The principal purpose of this work is to develop three hybrid machine learning (ML) algorithms, namely ANFIS-RCSA, ANFIS-CA, and ANFIS-SFLA which are a combination of adaptive neuro-fuzzy inference system (ANFIS) with metaheuristic optimization techniques such as real-coded simulated annealing (RCSA), cultural algorithm (CA) and shuffled frog leaping algorithm (SFLA), respectively, to predict the critical buckling load of I-shaped cellular steel beams with circular openings. For this purpose, the existing database of buckling tests on I-shaped steel beams were extracted from the available literature and used to generate the datasets for modeling.

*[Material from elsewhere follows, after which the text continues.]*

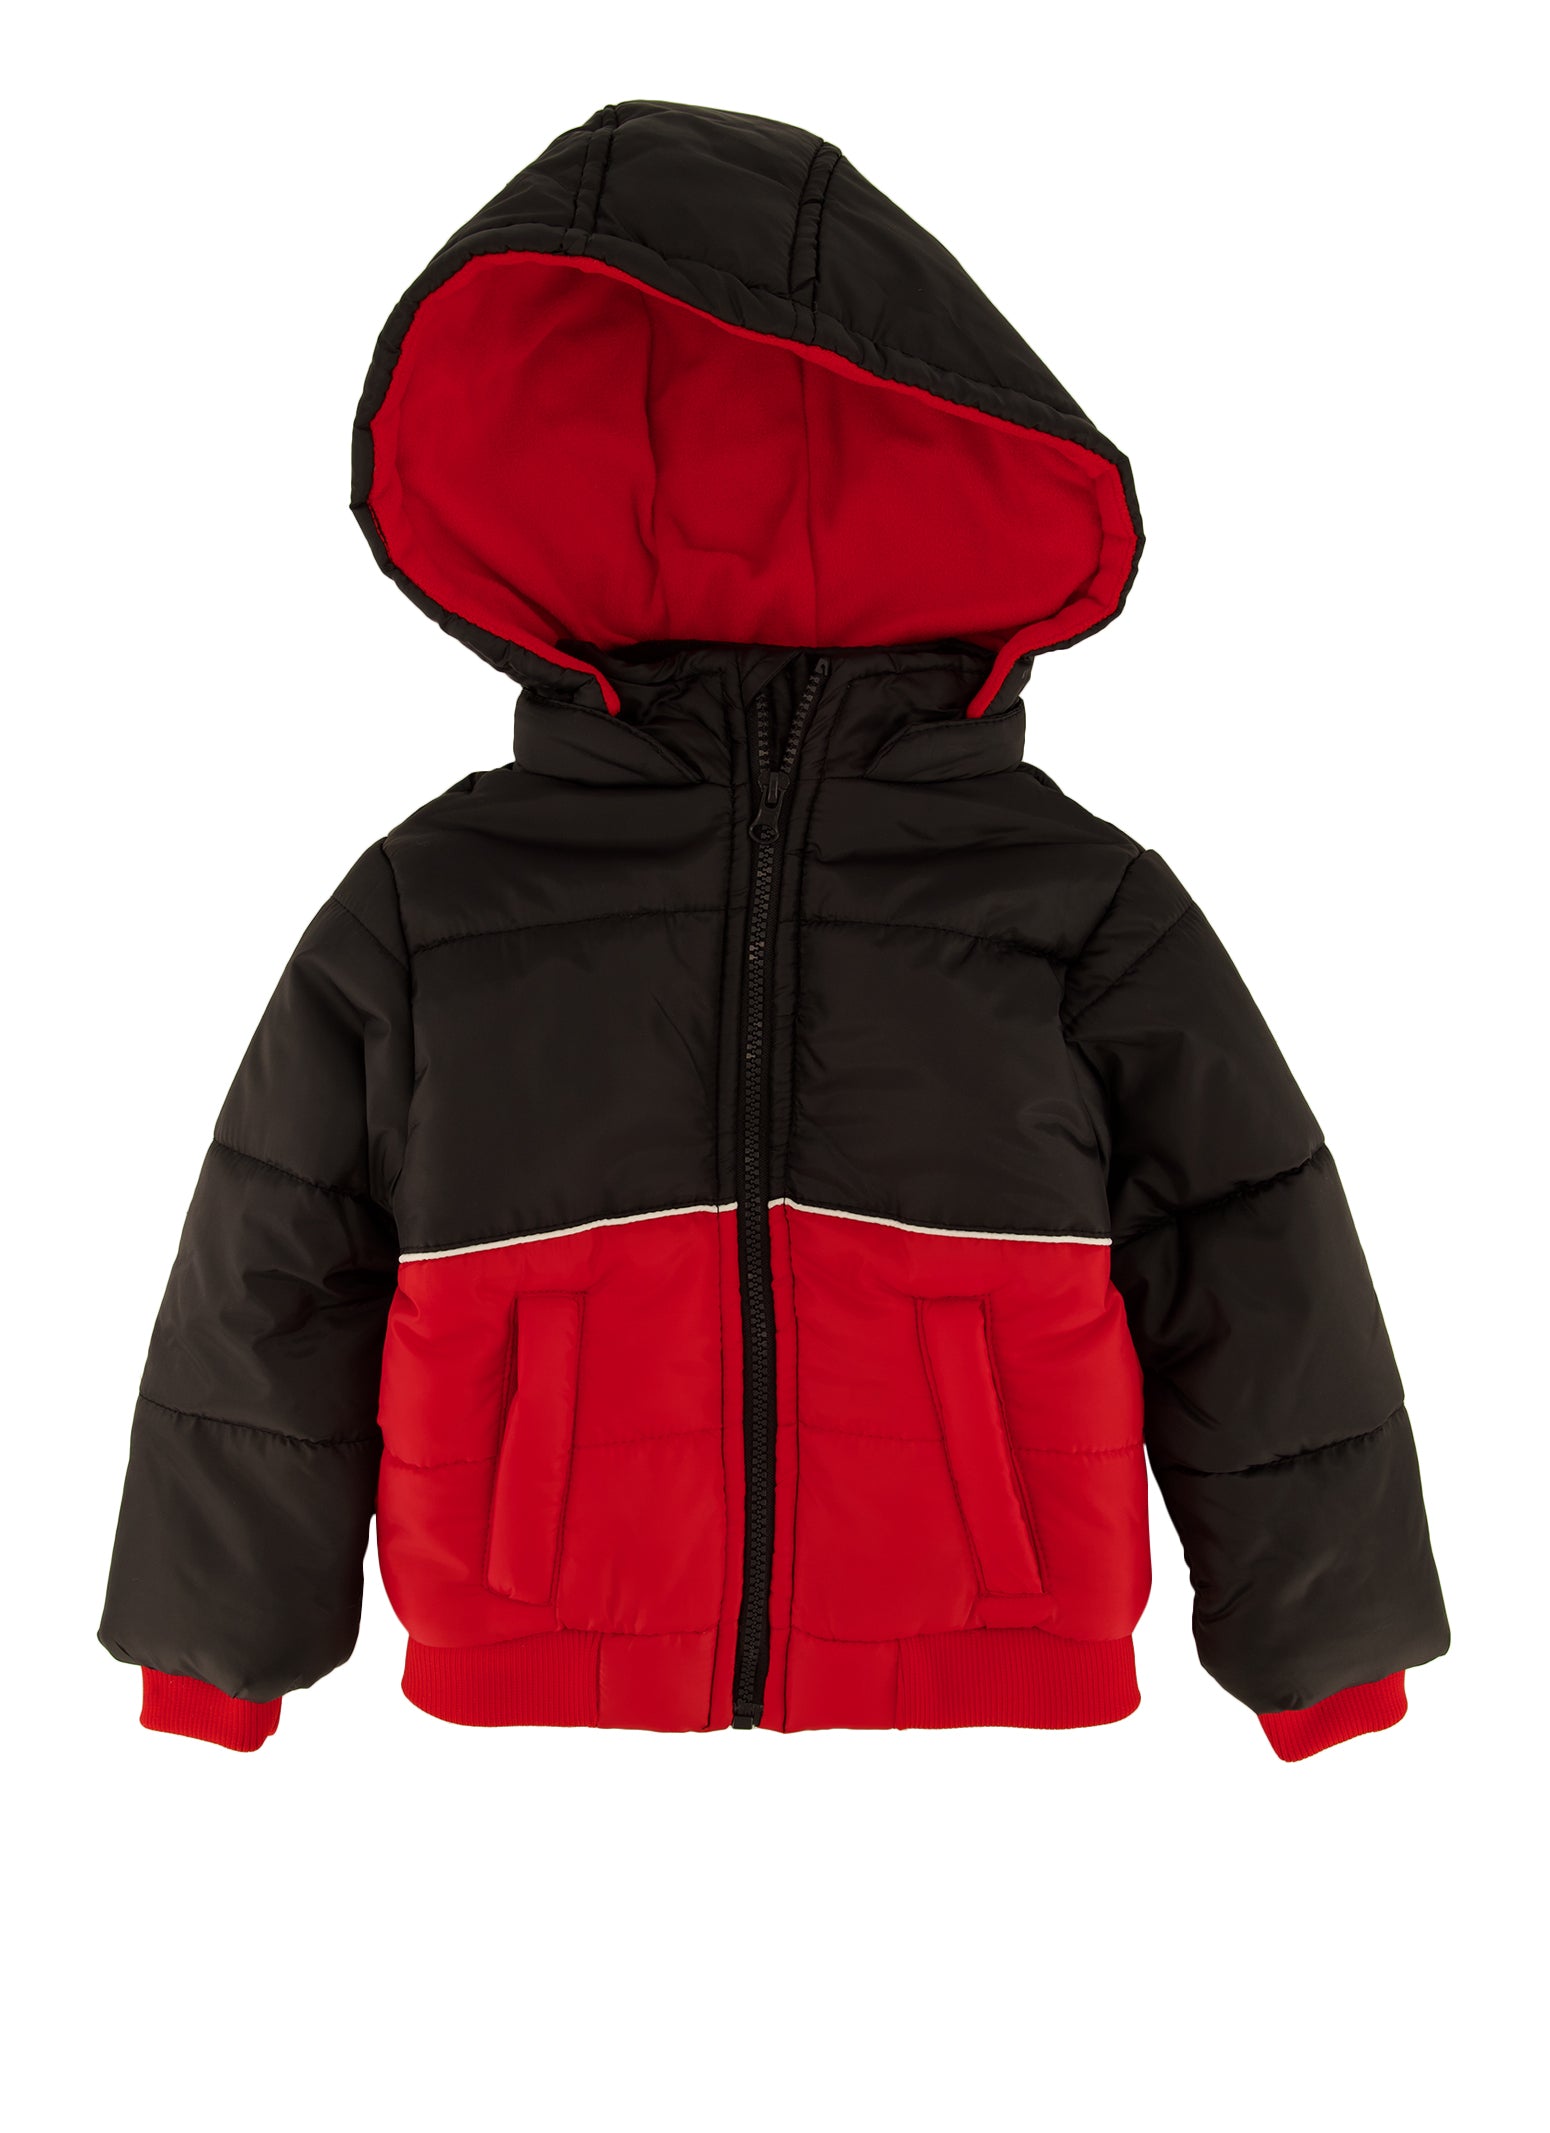 Toddler Boys Zip Front Hooded Puffer Jacket, Black,

Eight inputs, considered as independent variables, including the beam length, beam end-opening distance, opening diameter, inter-opening distance, section height, web thickness, flange width, and flange thickness, as well as one output of the critical buckling load of cellular steel beams considered as a dependent variable, were used in the datasets. Three quality assessment criteria, namely correlation coefficient (R), root mean squared error (RMSE) and mean absolute error (MAE) were employed for assessment of three developed hybrid ML models. The obtained results indicate that all three hybrid ML models have a strong ability to predict the buckling load of steel beams with circular openings, but ANFIS-SFLA (R = 0.960, RMSE = 0.040 and MAE = 0.017) exhibits the best effectiveness as compared with other hybrid models. In addition, sensitivity analysis was investigated and compared with linear statistical correlation between inputs and output to validate the importance of input variables in the models. The sensitivity results show that the most influenced variable affecting beam buckling capacity is the beam length, following by the flange width, the flange thickness, and the web thickness, respectively. This study shows that the hybrid ML techniques could help in establishing a robust numerical tool for beam buckling analysis. The proposed methodology is also promising to predict other types of failure, as well as other types of perforated beams.

Highlights

  • In the field of structural engineering, the use of steel cellular beams has gained widespread attention thanks to their economic and aesthetic advantages [1,2]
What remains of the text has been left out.